***** Provided data *****

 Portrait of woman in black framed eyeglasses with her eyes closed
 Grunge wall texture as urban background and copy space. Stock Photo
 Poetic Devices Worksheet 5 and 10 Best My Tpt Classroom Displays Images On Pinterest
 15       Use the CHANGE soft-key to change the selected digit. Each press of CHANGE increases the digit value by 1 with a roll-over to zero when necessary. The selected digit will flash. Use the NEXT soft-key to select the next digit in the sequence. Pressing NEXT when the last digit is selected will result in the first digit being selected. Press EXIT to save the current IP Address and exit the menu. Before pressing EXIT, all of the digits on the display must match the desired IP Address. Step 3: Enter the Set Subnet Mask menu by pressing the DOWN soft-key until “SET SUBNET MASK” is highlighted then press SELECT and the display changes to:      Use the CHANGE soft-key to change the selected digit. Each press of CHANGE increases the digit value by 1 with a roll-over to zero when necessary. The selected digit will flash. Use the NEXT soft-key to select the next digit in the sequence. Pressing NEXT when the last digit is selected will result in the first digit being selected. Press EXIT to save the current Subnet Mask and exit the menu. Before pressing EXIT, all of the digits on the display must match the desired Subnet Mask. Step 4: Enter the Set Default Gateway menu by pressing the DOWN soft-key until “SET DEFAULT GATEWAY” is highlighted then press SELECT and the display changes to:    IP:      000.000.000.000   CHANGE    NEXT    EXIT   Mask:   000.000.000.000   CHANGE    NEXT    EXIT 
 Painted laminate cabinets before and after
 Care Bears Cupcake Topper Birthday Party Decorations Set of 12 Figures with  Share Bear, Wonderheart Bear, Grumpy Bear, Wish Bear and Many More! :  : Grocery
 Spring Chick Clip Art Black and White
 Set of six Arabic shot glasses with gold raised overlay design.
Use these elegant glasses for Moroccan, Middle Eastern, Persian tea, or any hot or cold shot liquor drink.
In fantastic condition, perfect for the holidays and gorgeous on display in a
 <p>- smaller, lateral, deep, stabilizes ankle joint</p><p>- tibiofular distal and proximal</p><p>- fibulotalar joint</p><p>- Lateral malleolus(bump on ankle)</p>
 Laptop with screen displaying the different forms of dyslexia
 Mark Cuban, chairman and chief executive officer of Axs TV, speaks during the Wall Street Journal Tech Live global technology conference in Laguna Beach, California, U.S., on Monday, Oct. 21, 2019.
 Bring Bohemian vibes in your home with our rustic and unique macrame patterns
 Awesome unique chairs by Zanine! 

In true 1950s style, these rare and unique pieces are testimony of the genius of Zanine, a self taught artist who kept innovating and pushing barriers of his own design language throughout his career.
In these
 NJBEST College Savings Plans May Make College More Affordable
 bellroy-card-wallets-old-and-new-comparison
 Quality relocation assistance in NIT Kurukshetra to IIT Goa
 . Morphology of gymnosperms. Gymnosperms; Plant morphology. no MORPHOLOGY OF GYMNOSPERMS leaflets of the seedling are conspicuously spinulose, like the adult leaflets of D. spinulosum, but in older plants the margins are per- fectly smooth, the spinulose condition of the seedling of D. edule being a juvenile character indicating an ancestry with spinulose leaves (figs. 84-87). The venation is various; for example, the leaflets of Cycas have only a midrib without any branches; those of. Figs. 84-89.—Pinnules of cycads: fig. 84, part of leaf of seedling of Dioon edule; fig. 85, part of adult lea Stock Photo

*****

▸ **Work order**: The lines wanted are those from the one with "NJBEST College Savings" through the last line of the records, repeated exactly and with both ends included.

▸ **Response below**:
 NJBEST College Savings Plans May Make College More Affordable
 bellroy-card-wallets-old-and-new-comparison
 Quality relocation assistance in NIT Kurukshetra to IIT Goa
 . Morphology of gymnosperms. Gymnosperms; Plant morphology. no MORPHOLOGY OF GYMNOSPERMS leaflets of the seedling are conspicuously spinulose, like the adult leaflets of D. spinulosum, but in older plants the margins are per- fectly smooth, the spinulose condition of the seedling of D. edule being a juvenile character indicating an ancestry with spinulose leaves (figs. 84-87). The venation is various; for example, the leaflets of Cycas have only a midrib without any branches; those of. Figs. 84-89.—Pinnules of cycads: fig. 84, part of leaf of seedling of Dioon edule; fig. 85, part of adult lea Stock Photo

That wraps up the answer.